Julia Donaldson performs her stories using puppets
Julia Donaldson is the author of 150 children’s books, including the ten-million-selling The Gruffalo, Children’s Laureate and recently gonged Member of the British Empire. She has a confession to make.
She’s tallking to DaddyBeGood about the role of fathers in teaching children to read. But as the conversation turns to the occasionally bumbling, pompous portrayal of men in children’s literature and TV, she looks somewhat sheepish.
“I can’t say I’m completely innocent of that in my own work,” she says. “My husband Malcolm and I travel the country doing live performances of my books and he often complains that, as a man, he usually has to play somebody bad or stupid. He’d like to be somebody clever. I often remind him that the mouse in the The Gruffalo is very bright. But he is a rare exception.
“The problem is that children’s authors try to do something different to the traditional powerful, dominant father figure, but then it quickly becomes a cliché. But it’s the same for me, as a grandmother. You never see a knitting granny nowadays in children’s books – they’re all on motorbikes.”
Despite this, Julia, 63, believes more fathers than ever are reading to their kids.
“You see statistics saying only two in three parents read to their children, but I think if you went back 20 years it would be even fewer,” she says. “My impression is that people who wouldn’t previously read to their kids do now.”
Julia’s love of literature was sparked by her own father, who gave her The Book Of A Thousand Poems for her fifth birthday. Her grandmother, who lived with her family in Hampstead, London, during her childhood, also gave her books which she still treasures.
What are her memories of her own dad? “He had polio, so was in a wheelchair from when I was six, but he was quite hands-on,” she says. “In those days parents weren’t as into their children as now, but he was great at puzzles and number games, and was very musical. He would always read us bedtime stories.
“He worked in genetics, studying twins, and sometimes he’d bring home fun tests for me and my younger sister Mary to do, to see how genetically alike we were. They were great fun.”
Julia says she has seen a marked increase in dads’ involvement over three generations.
“Malcolm and I always shared the housework evenly, which was a big change for him, compared with his own father,” she says. “Moving forward to today, my son Chris is incredibly involved with his one-year-old, like so many of today’s dads. It’s a big change from my day, when they just let kids get on with it.”
Whether it’s in the library, at home, or at her performances, Julia says she is constantly impressed by how well fathers read to their children.
“Dads love doing accents,” she says. “They come up to me all the time and say things like, ‘Actually the Gruffalo is an Australian,’ or ‘Did you know the Snail from The Snail And The Whale is from Birmingham?’
“I always get men up on stage at my live shows because dads make the best storytellers.
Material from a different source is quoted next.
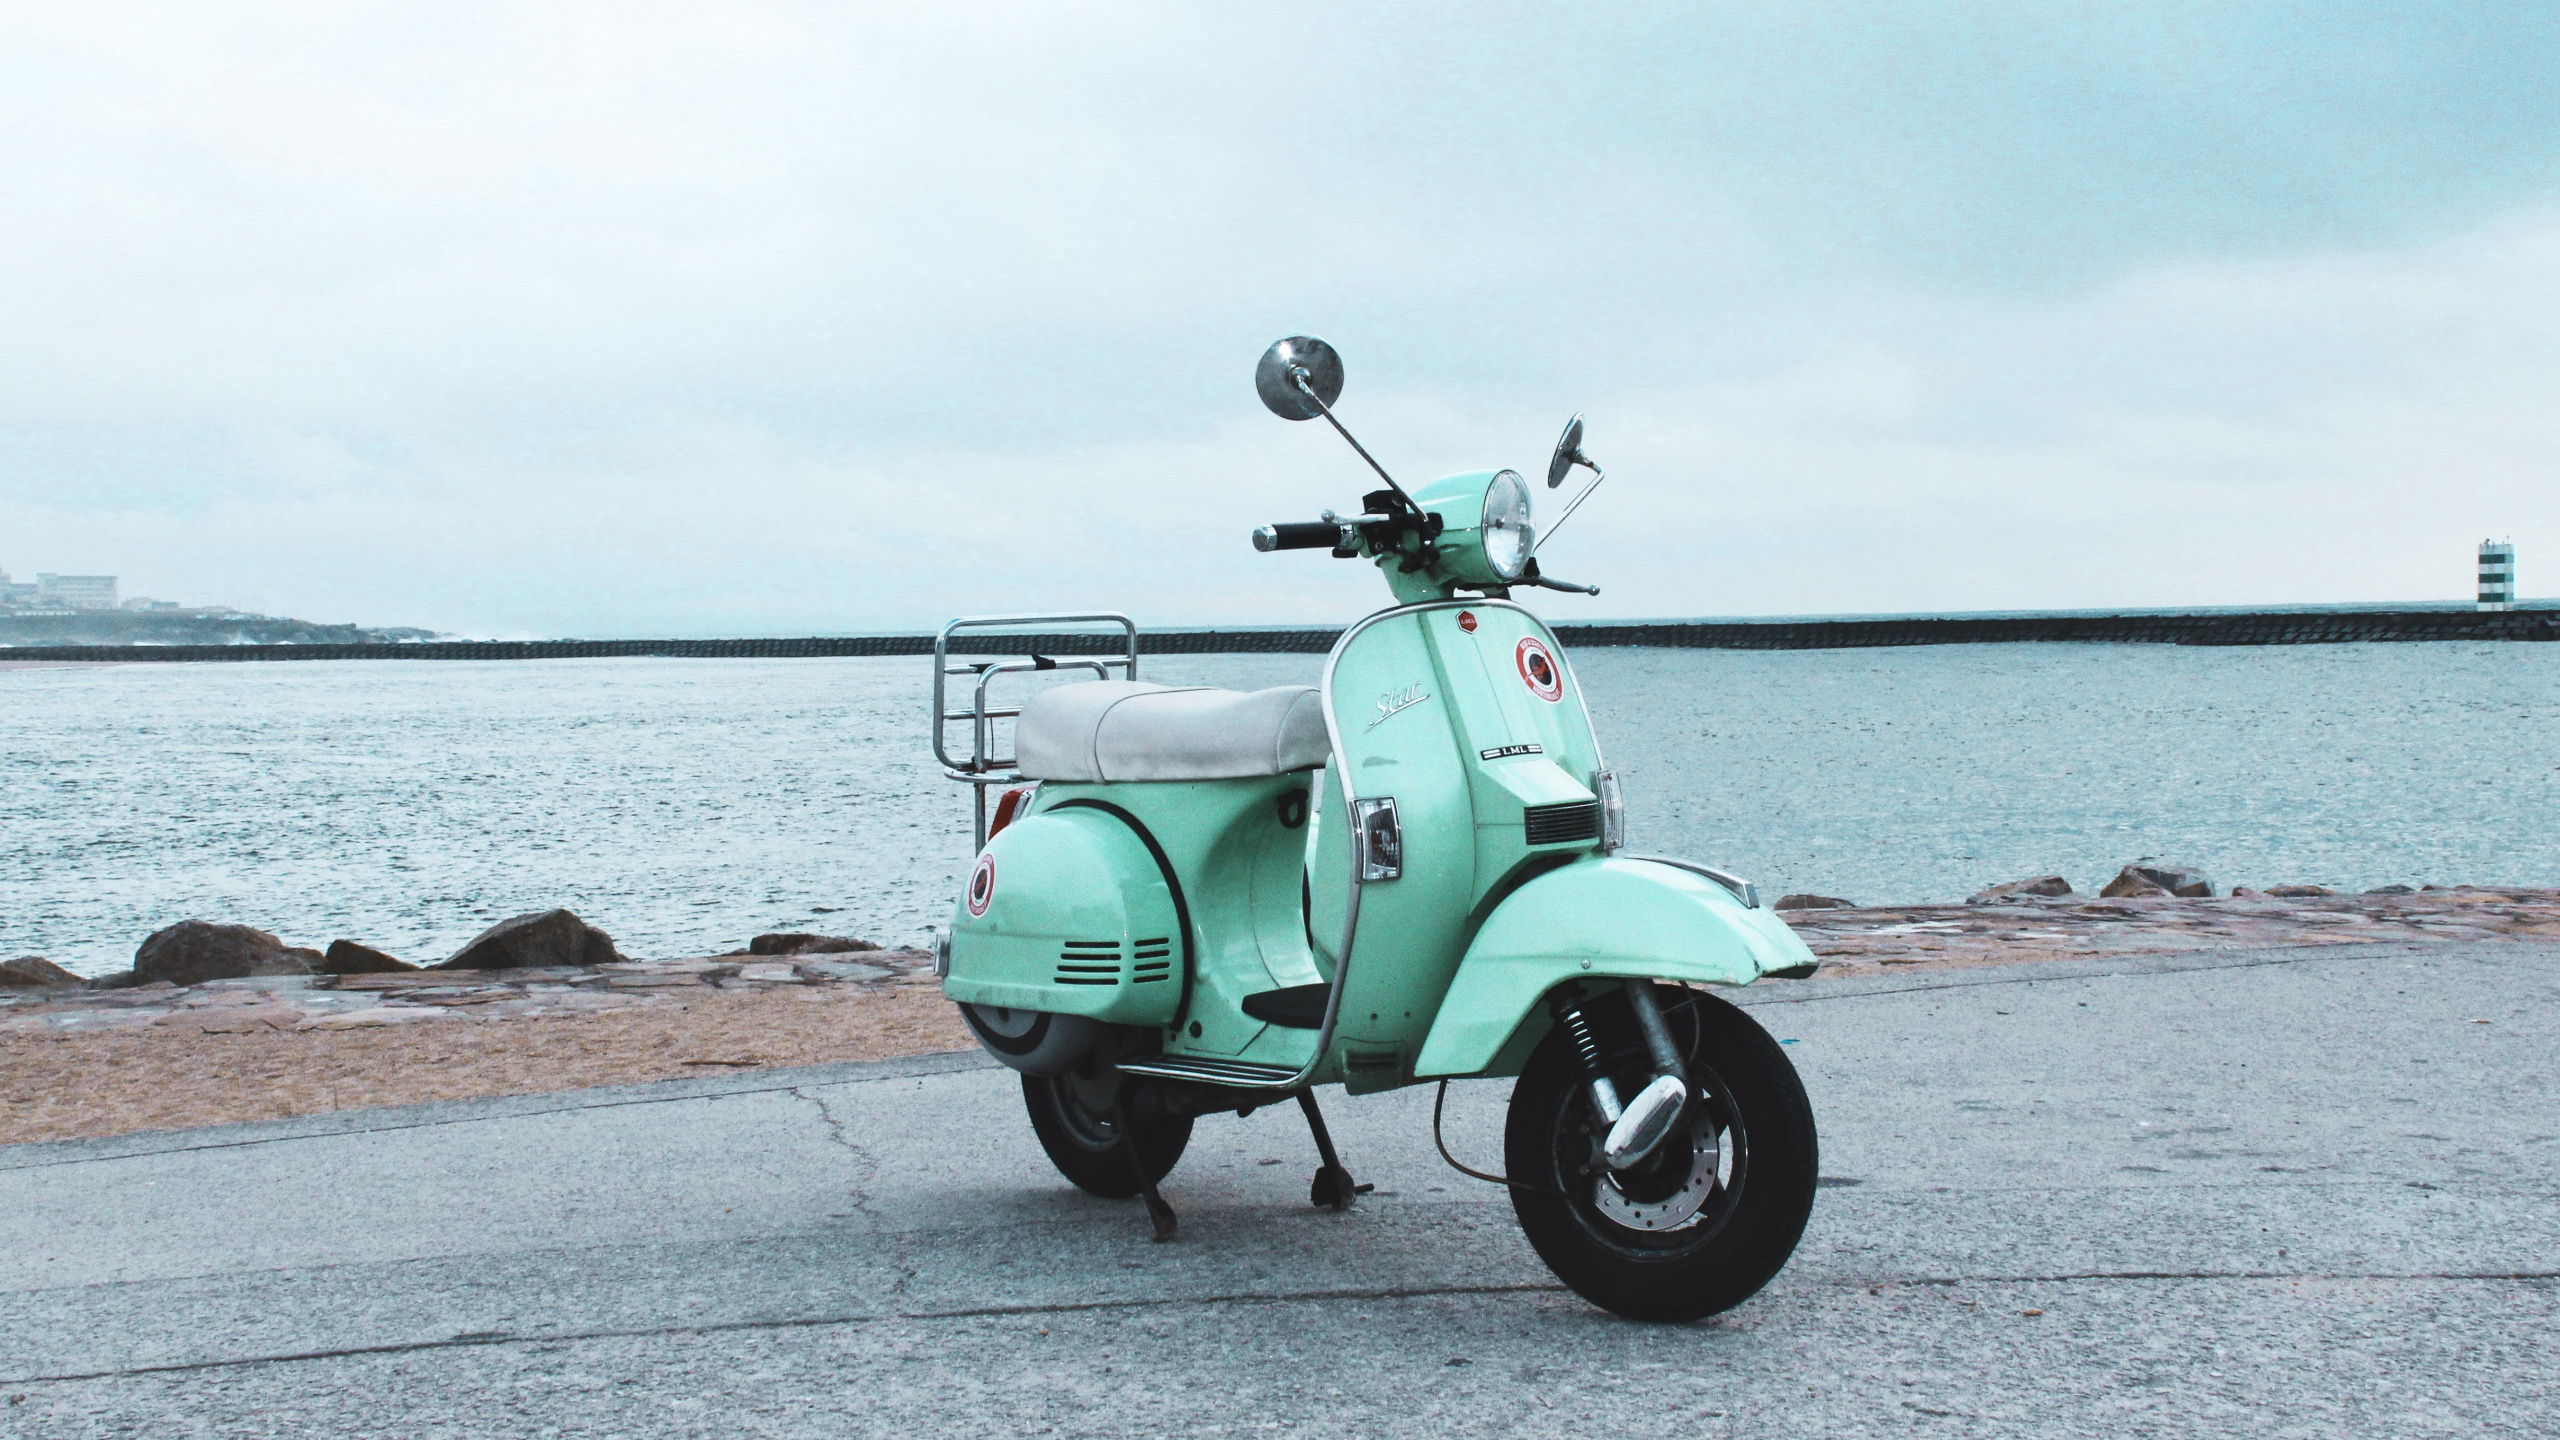 Green Motor Scooter Parked on Gray Concrete Pavement Near Body of Water During Daytime. Wallpaper in 2560x1440 Resolution

I’ve never had a dad fail to come up trumps, whether it’s playing a baddie in What The Ladybird Heard or holding their children upside down when we read Monkey Puzzle. They’re always up for that.”
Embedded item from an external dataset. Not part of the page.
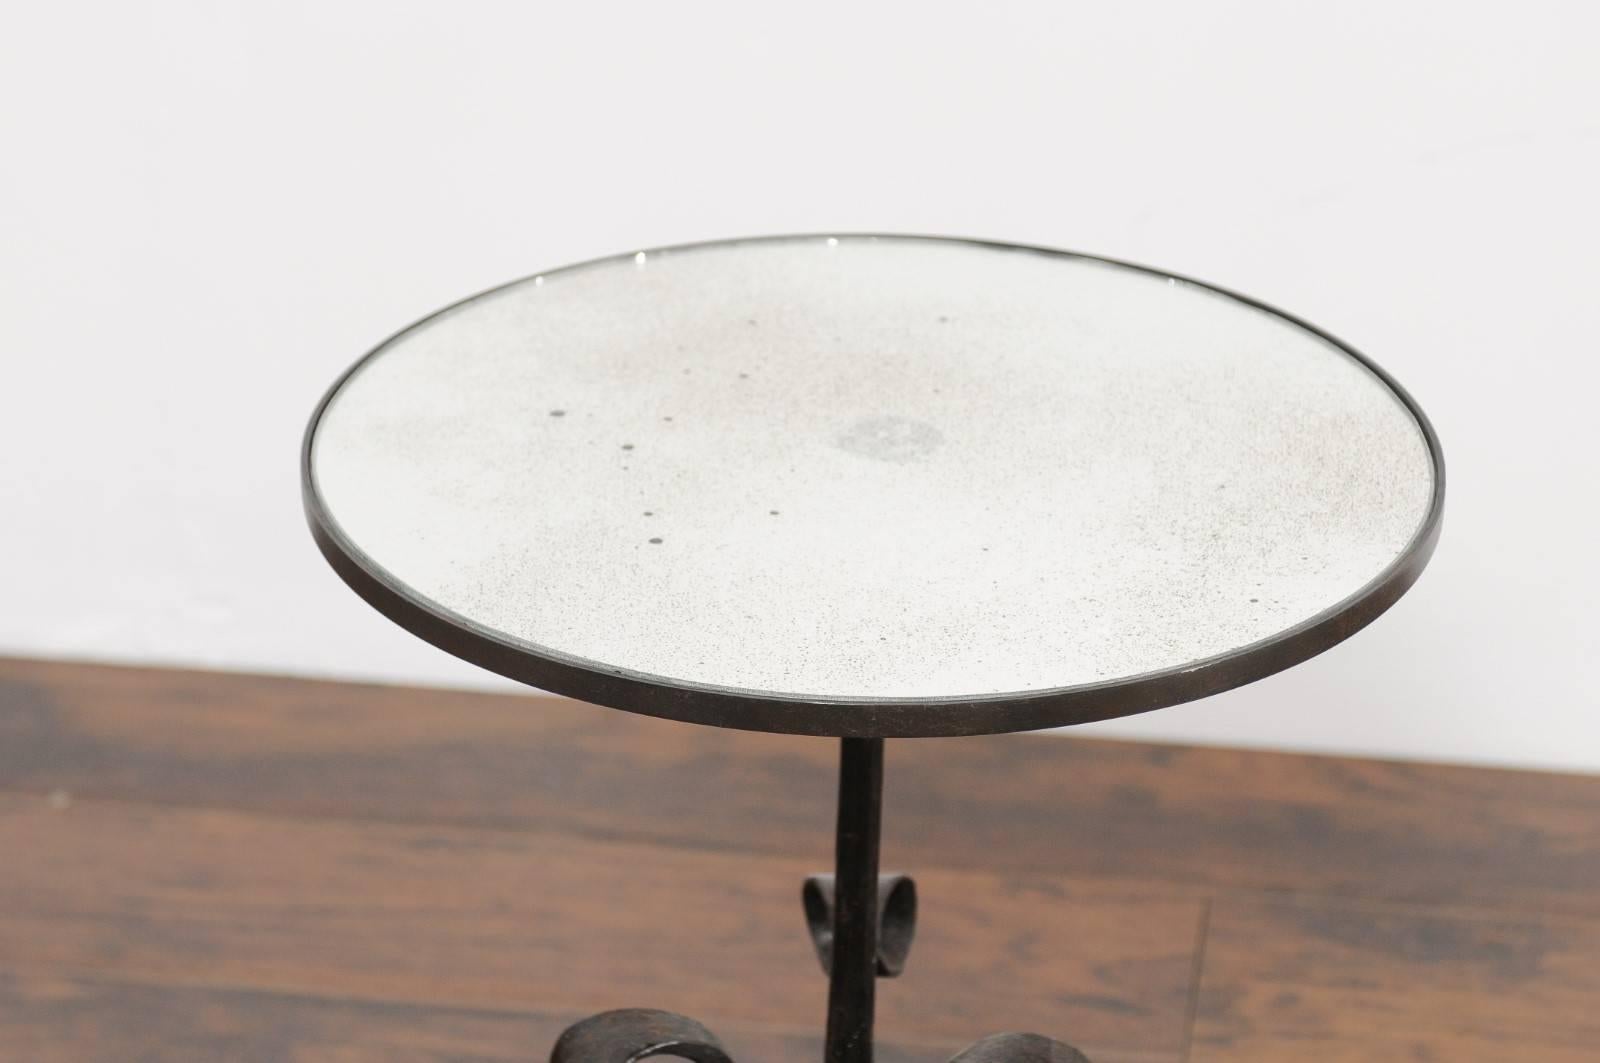 19th Century 1870s Italian Wrought-Iron Pedestal Side Table with Mirrored Top and Scrolls

Julia’s current book with illustrator Axel Scheffler is Highway Rat (see below), and the next features a worm with superpowers. She has a series of plays for schools in the pipeline and is thrilled to have stepped into the shoes of previous Children’s Laureates, including Quentin Blake and Jacqueline Wilson. She admits it was Malcolm who persuaded her to take up the challenge.
At the top of Julia’s to-do list a battle to keep libraries open in the face of swingeing public spending cuts, something she is asking dads to get behind. To this end, she’ll be touring the country’s libraries throughout her two-year tenure.
“Libraries are a wonderful resource and over the last six years the number of children using them has gone up year after year,” she says. “Schemes like Rhyme Time, for little ones, or the Summer Reading Challenge are brilliant.
“Children take out two books, read them, and tell their librarian what they like. The librarian finds them similar books to read, and they get little badges and stuff. I can’t recommend it enough.”
The Highway Rat, by Julia Donaldson and Alex Scheffler, is out now. £10.99, Alison Green Books (Scholastic)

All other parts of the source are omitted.